§ YOUR OBJECTIVE: Your reply must hold the lines from the one containing "Only $650 for" to the end of the entries, copied exactly, with pictures excluded.

§ GIVEN INFORMATION:
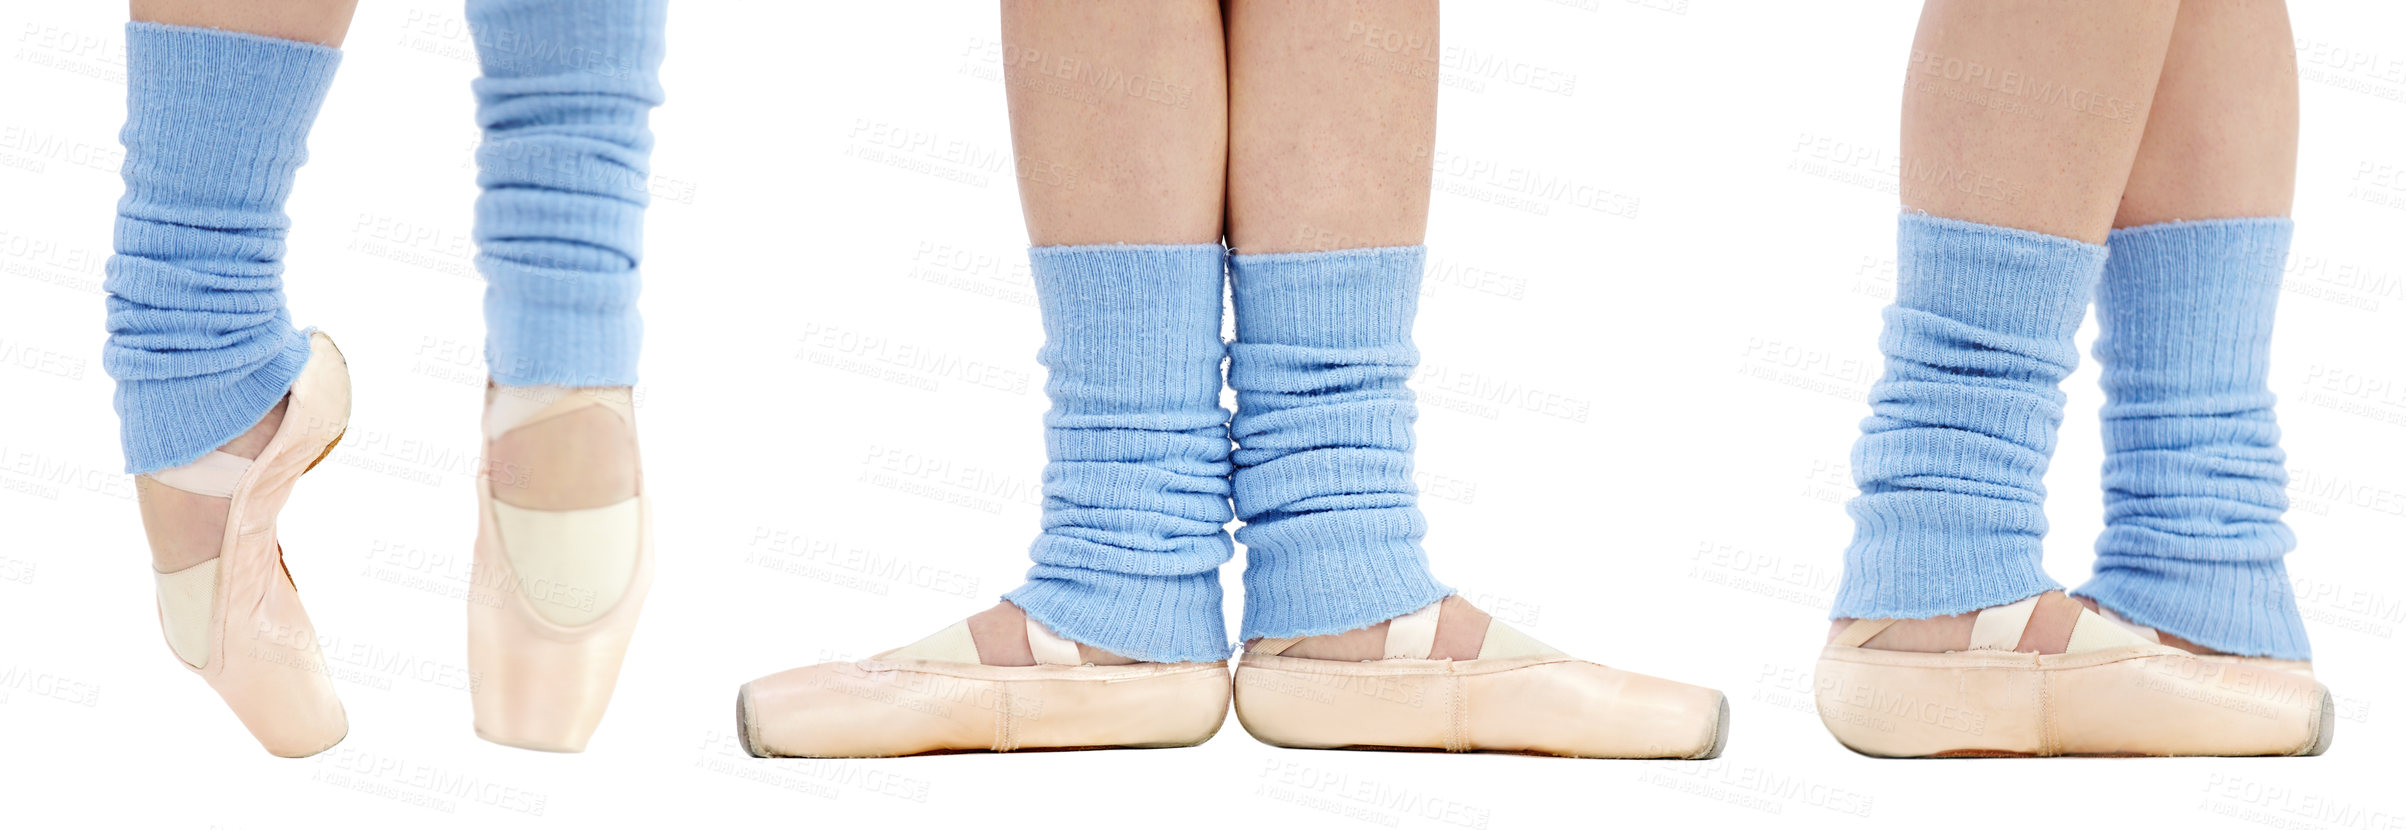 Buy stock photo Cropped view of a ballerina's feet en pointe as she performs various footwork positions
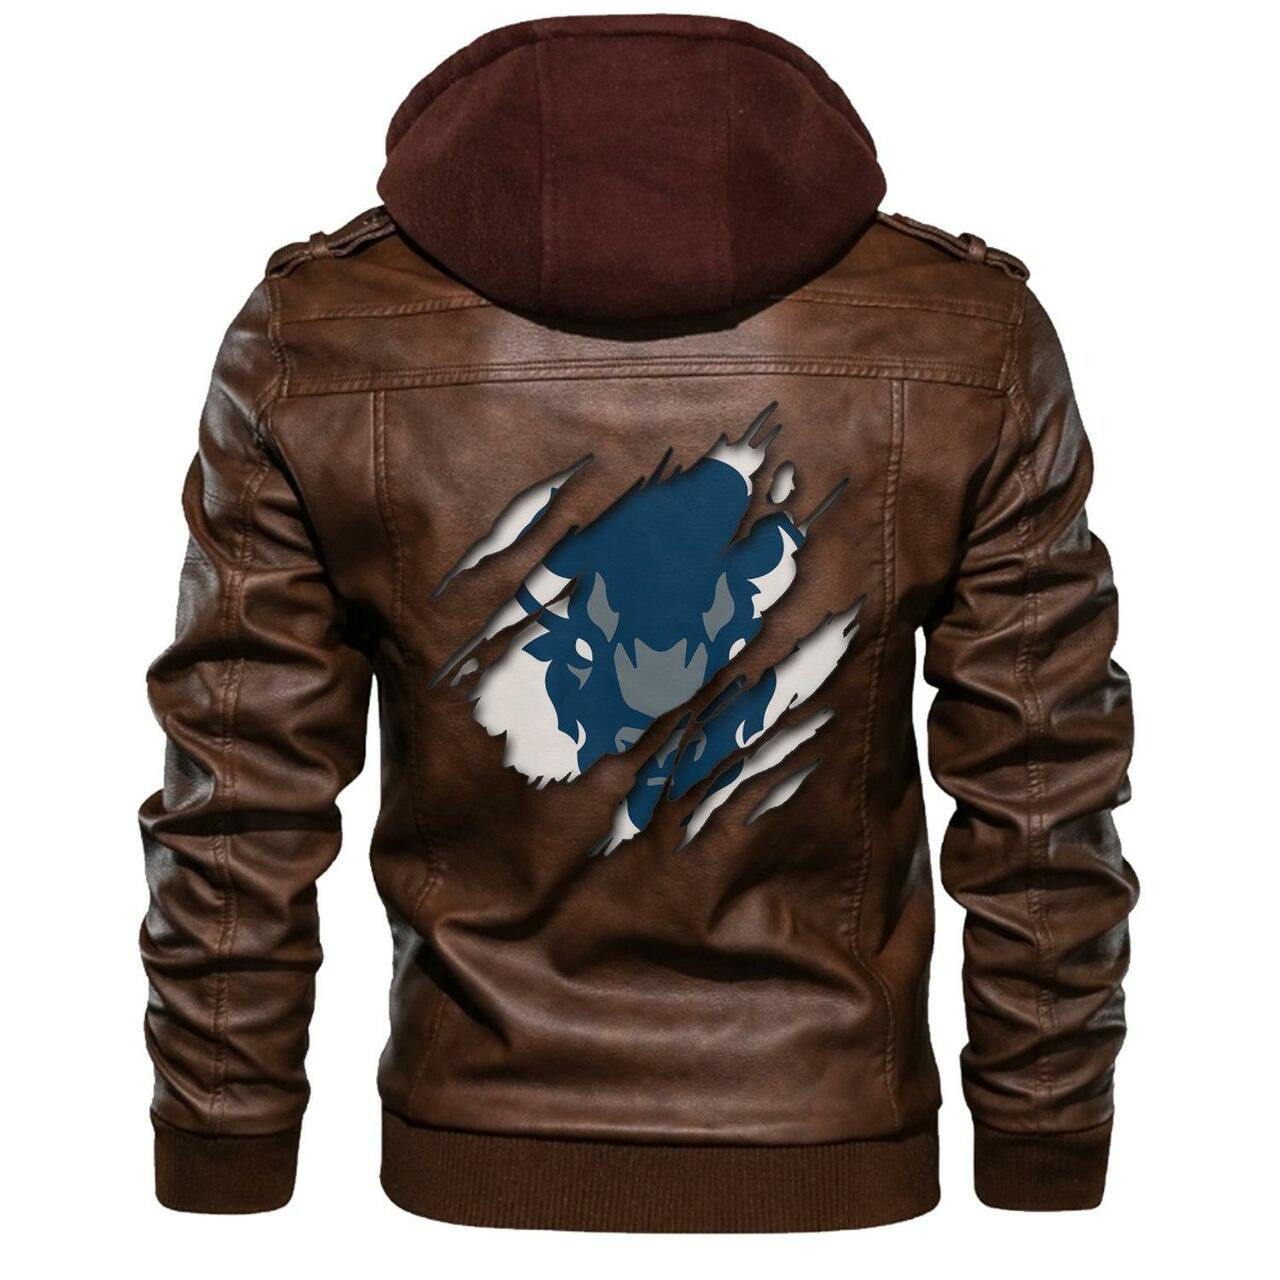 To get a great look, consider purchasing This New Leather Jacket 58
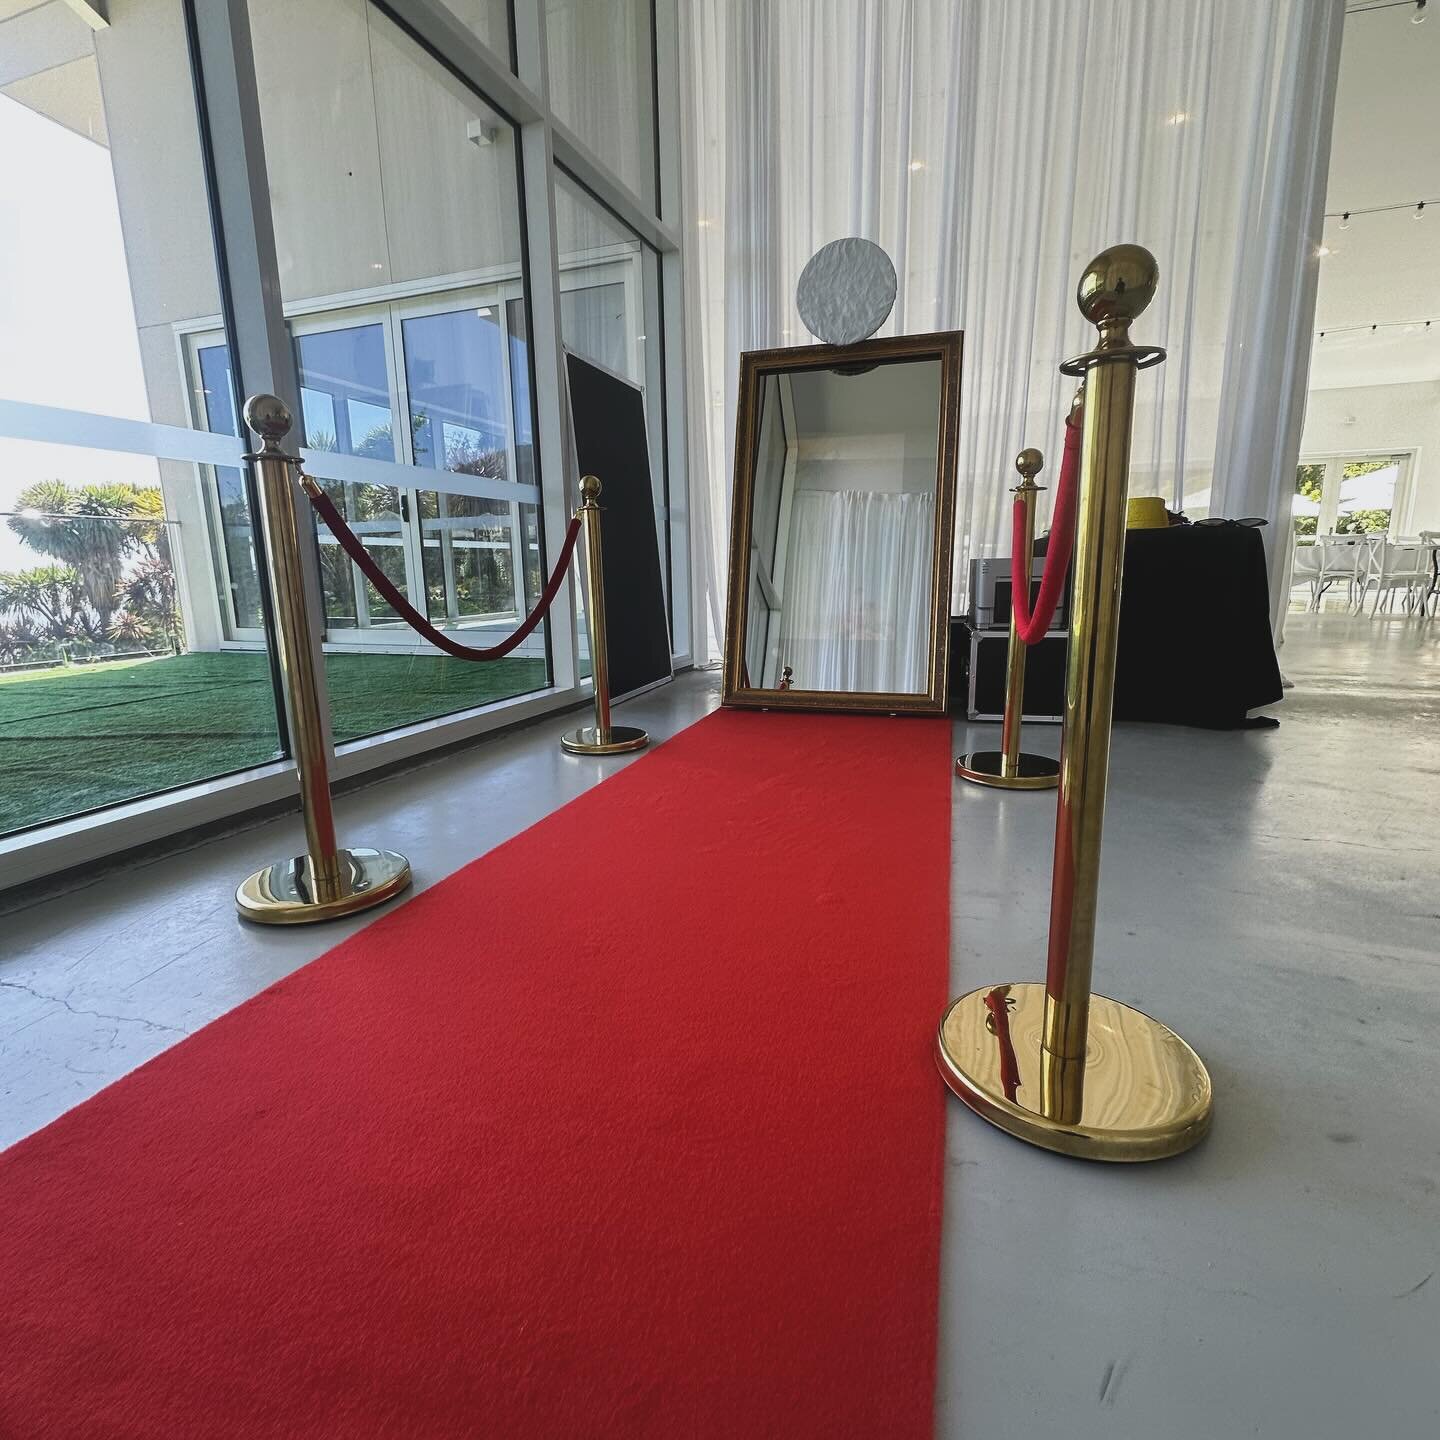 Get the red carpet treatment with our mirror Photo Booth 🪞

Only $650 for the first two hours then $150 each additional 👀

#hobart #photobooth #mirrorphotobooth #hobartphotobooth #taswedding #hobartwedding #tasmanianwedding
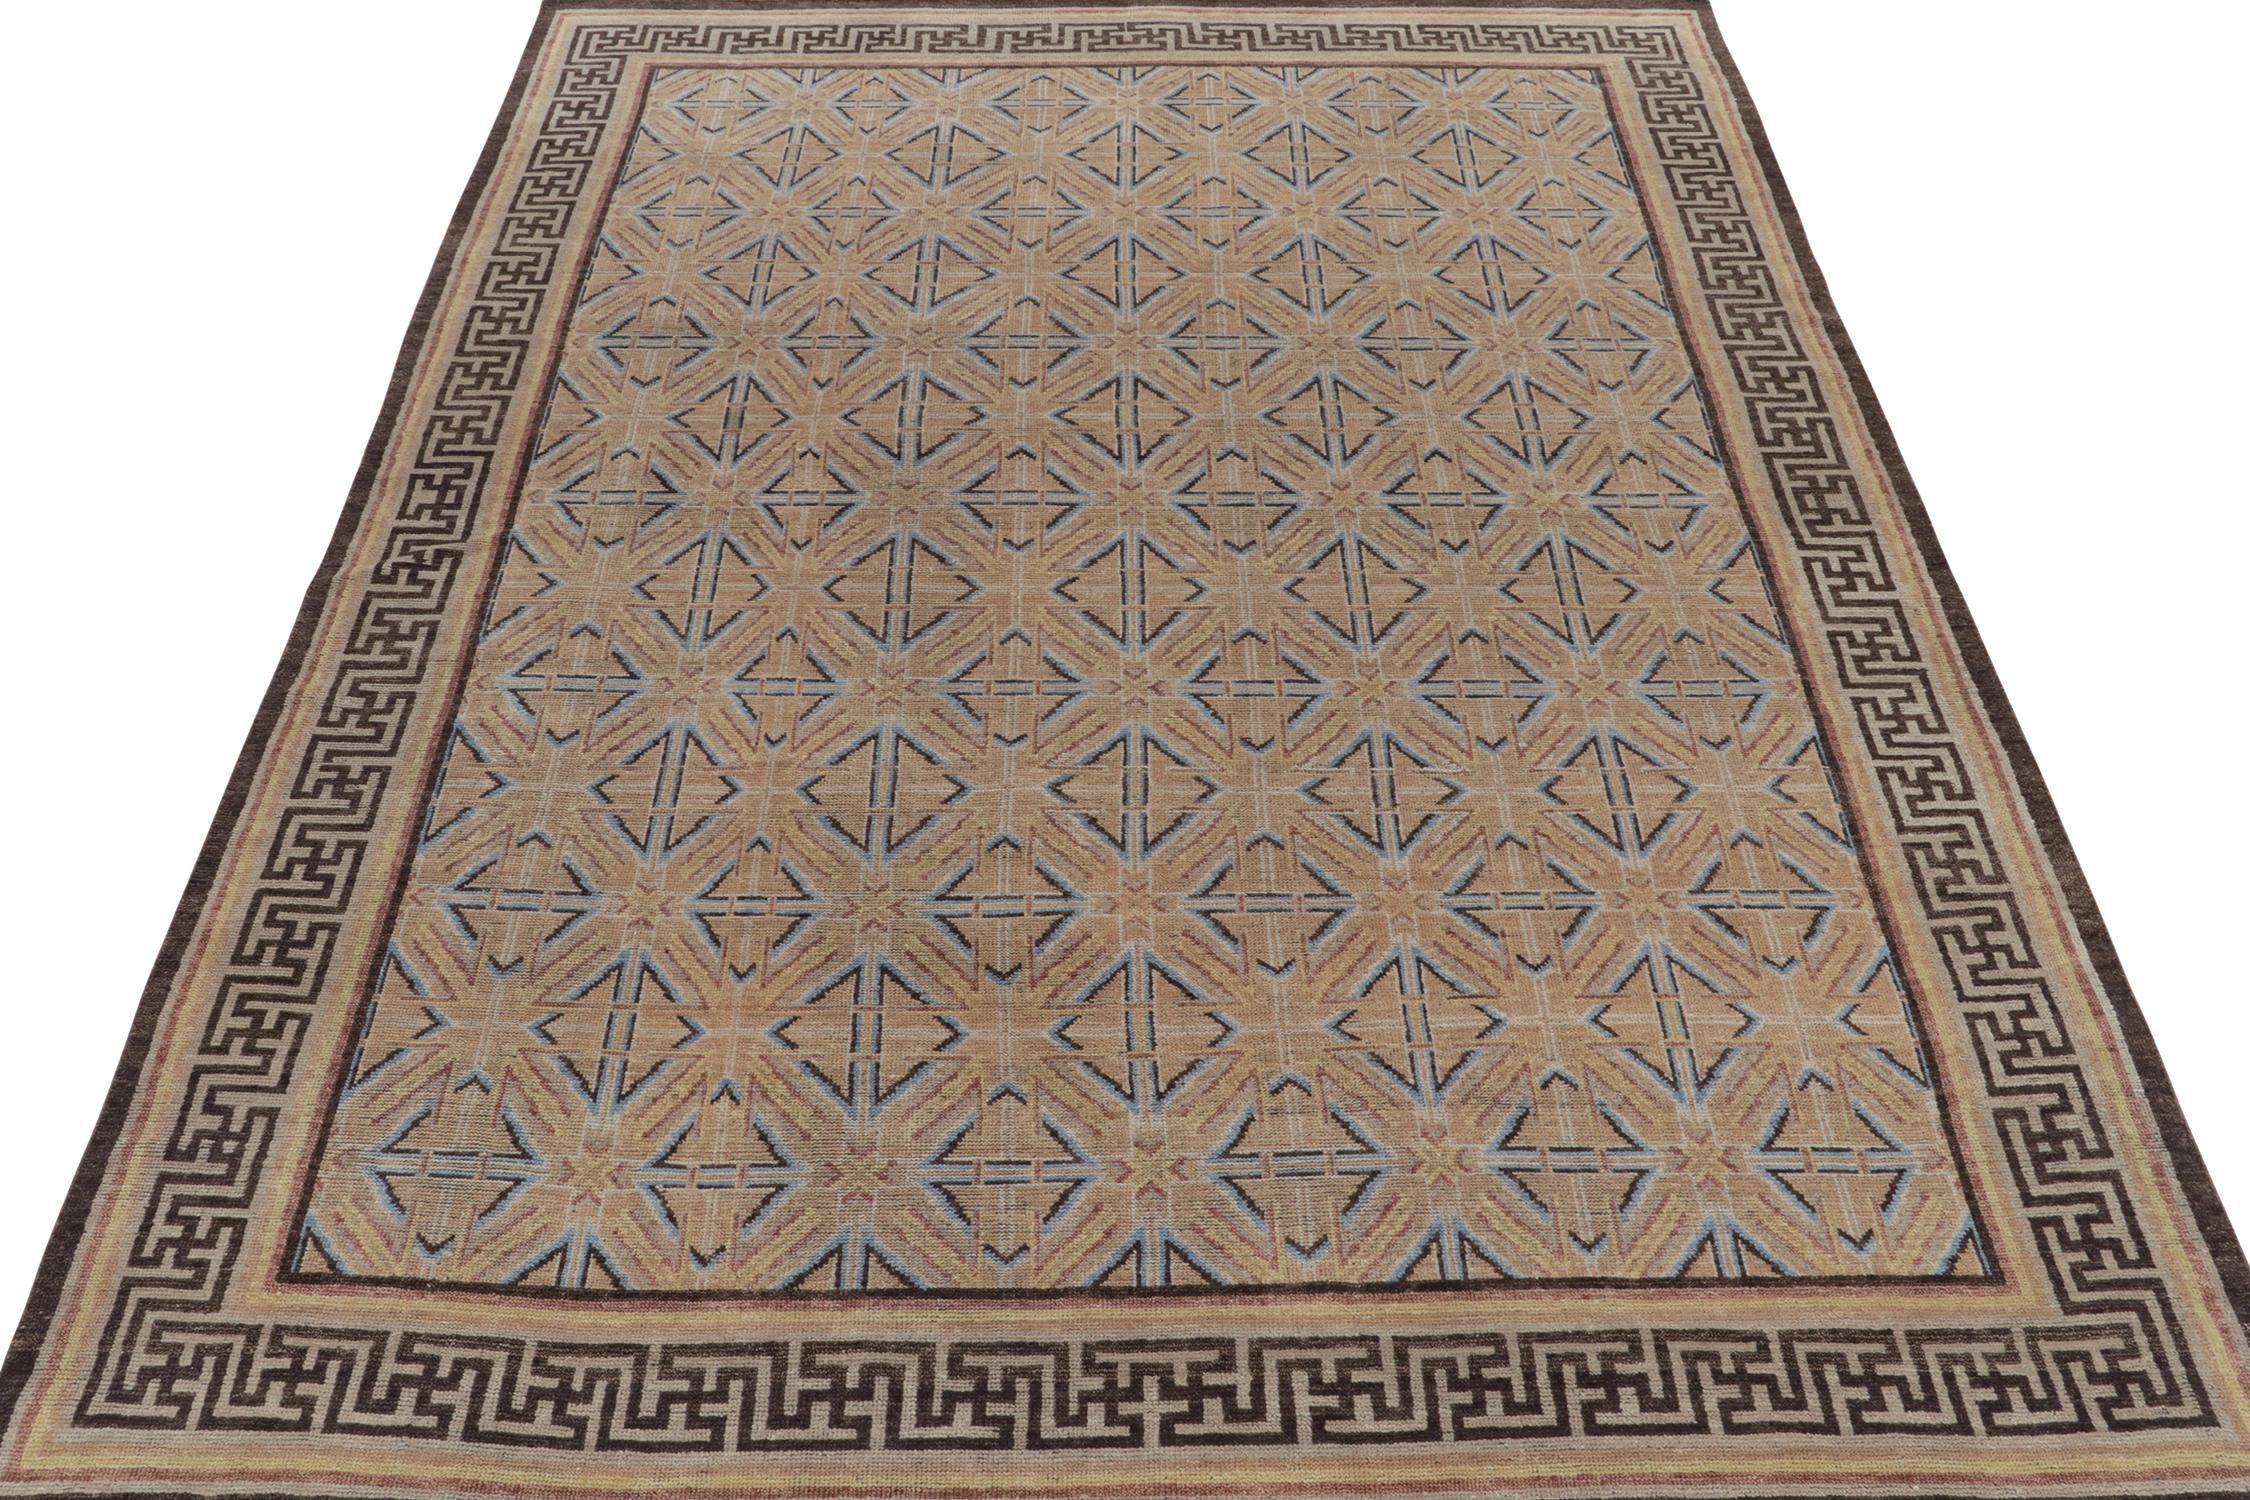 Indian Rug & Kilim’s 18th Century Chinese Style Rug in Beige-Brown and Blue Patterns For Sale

§ SOLUTION BELOW:
Only $650 for the first two hours then $150 each additional 👀

#hobart #photobooth #mirrorphotobooth #hobartphotobooth #taswedding #hobartwedding #tasmanianwedding
 Indian Rug & Kilim’s 18th Century Chinese Style Rug in Beige-Brown and Blue Patterns For Sale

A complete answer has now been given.